§ Work to complete
Among the lines below, a stretch begins at the one with "Natadola Beach Resort" and ends at the one with "Ryłko 7cvn1ckk3 Women's". Repeat that stretch exactly, ends included.
BEGIN Provided material
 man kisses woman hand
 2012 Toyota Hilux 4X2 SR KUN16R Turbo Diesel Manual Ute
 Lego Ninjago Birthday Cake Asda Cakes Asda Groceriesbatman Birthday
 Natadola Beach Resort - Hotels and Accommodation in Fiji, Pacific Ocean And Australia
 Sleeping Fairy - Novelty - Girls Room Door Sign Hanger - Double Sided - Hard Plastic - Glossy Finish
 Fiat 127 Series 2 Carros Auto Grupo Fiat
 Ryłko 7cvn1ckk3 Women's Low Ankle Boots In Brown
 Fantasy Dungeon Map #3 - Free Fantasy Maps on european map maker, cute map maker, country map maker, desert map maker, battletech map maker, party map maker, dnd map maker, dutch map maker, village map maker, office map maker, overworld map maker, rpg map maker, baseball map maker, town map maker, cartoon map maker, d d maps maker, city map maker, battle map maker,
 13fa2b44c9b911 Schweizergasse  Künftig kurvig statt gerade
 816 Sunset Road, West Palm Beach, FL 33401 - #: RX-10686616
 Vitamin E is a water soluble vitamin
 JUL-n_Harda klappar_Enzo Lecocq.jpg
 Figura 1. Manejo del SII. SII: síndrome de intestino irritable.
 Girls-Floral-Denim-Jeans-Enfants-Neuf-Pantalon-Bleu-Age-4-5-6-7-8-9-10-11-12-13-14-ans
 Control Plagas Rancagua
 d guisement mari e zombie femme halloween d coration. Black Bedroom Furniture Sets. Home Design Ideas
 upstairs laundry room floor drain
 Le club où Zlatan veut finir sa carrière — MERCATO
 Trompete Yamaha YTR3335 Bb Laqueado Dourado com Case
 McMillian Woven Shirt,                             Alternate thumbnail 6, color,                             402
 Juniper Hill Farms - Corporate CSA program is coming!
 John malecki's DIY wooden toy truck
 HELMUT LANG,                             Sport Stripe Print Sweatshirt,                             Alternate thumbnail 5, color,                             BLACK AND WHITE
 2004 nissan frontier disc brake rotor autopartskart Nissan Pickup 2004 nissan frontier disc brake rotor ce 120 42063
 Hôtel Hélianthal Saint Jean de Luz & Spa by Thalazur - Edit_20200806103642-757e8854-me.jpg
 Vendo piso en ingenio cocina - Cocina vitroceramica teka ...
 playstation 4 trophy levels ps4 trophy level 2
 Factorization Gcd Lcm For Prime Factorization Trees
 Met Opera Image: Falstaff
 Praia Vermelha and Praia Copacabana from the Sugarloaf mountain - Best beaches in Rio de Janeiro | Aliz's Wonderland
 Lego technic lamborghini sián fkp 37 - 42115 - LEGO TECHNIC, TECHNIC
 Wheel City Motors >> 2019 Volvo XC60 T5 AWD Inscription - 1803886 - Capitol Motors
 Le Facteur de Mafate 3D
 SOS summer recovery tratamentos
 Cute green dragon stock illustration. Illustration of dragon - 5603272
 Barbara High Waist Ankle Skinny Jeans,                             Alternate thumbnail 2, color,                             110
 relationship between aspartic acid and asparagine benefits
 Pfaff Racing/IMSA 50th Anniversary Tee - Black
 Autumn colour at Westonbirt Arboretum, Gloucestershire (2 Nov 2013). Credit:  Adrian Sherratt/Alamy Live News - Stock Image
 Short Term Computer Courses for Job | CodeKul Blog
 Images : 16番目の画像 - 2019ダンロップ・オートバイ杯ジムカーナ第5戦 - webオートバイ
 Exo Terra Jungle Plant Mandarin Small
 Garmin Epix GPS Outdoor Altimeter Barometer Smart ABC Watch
END Provided material
§ Answer to this task
 Natadola Beach Resort - Hotels and Accommodation in Fiji, Pacific Ocean And Australia
 Sleeping Fairy - Novelty - Girls Room Door Sign Hanger - Double Sided - Hard Plastic - Glossy Finish
 Fiat 127 Series 2 Carros Auto Grupo Fiat
 Ryłko 7cvn1ckk3 Women's Low Ankle Boots In Brown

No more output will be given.